According to some kind of tradition or ritual dating back to pre-Internet times, the first wedding anniversary is symbolized by paper. For two writers and readers who met in a graduate program for publishing, this could not be more perfect. Of course, I racked my brain, trying to figure out the very best gift I could get for Joe for our anniversary. My first idea was to create a book from our many g-chats and email exchanges, but alas, printing one copy of a book is very expensive (working in publishing, I should really have figured that out).
I ended up buying a few books at the Strand I knew he would like, and made a notepad featuring pictures of Chief on Pinhole Press. Luckily, he loved the books and the notepad and all was happy.
You may be looking at these pictures of bookshelves and wondering, what the hell…? These are our bookshelves, located in our bedroom. There are two skinny Ikea shelves that Joe brought from his old apartment, and one massive bookcase that I bought from the previous tenant of my apartment in Somerville and lugged all the way to Brooklyn. I may never part with it, I love them.
“Ok, yes, those are nice bookshelves,” you are thinking,” but why are there huge, gaping spaces? What’s up with that?”
Let me introduce you to our NEW bookshelves, courtesy of my very handy, sneaky, creative, and thoughtful husband. Not only did he build me bookshelves for our anniversary, he took the day off work so that he could buy the shelves and then spent the day building them and rearranging things in our living room to make room for them. Because he’s a sneaky genius, he even got on the subway with me that morning to go to work, going so far as to pack himself a fake lunch, only to get off the train at the stop after me and hightail it back home. Take notes, gentlemen.
I’m writing this post not only to boast about my new bookshelves or my dashing husband, but to also talk about the inherent questions that arise when you’re presented with brand new bookshelves. After years of stuffing books on top of others just to fit them, paying no heed to the semi-careful organization scheme we figured out when we first moved in together (merging libraries is a post for another time), it’s oddly scary to face empty shelves. How do you decide which books go where, and how they should be organized? Do you only put pretty books in the living room, where more people will be likely to see them, and stow the old, creased, and musty ones in the bedroom, away from the public’s prying eyes? What about favorites, old and musty and creased though they may be?

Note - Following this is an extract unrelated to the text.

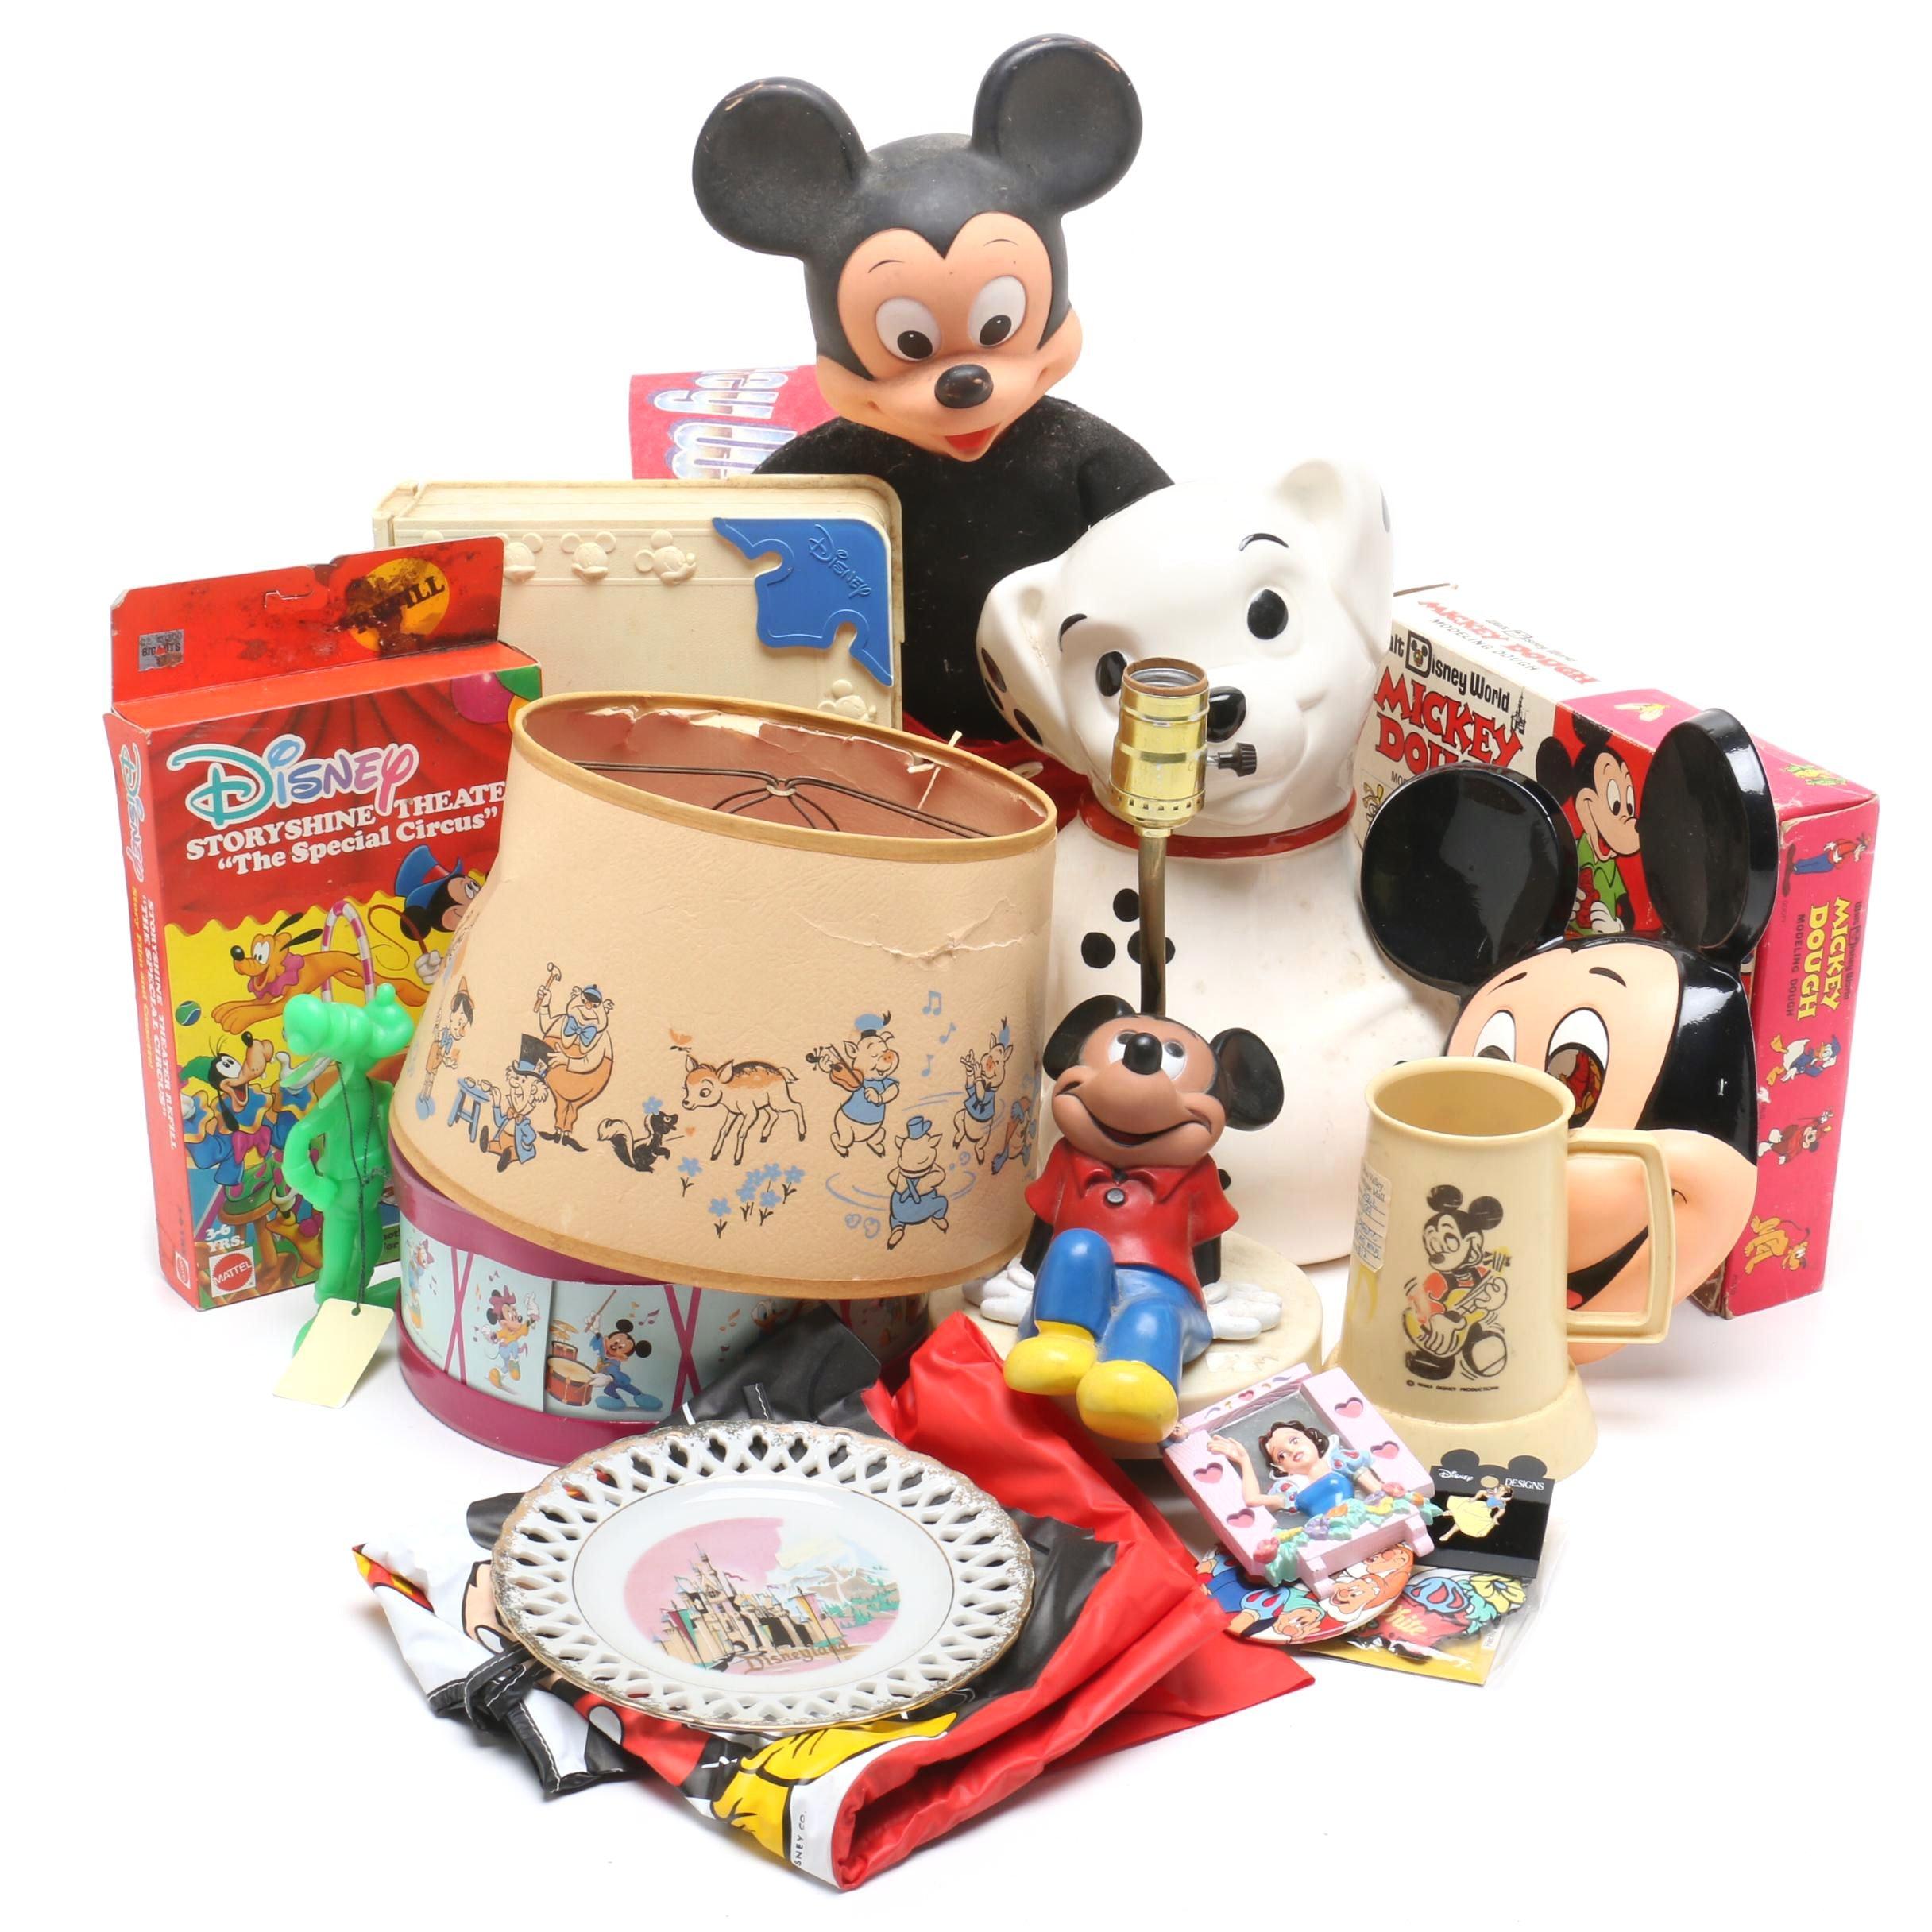 Vintage Disneyland and Walt Disney World Souvenirs

We’re still figuring all of that out, trying to strike a balance between pretty to look at and interesting to read. Isn’t that what all personal bookshelves should be anyway? Often the first thing I do when I go to someone’s home for the first time, obnoxious as it is, is to look at their bookshelves. It provides a look inside them that nothing else really does–a person’s bookshelves are a reflection of what they find interesting, what their favorites are, how they spend their time. So we’ve got to think carefully about these things.
I’ll let you know how it all turns out.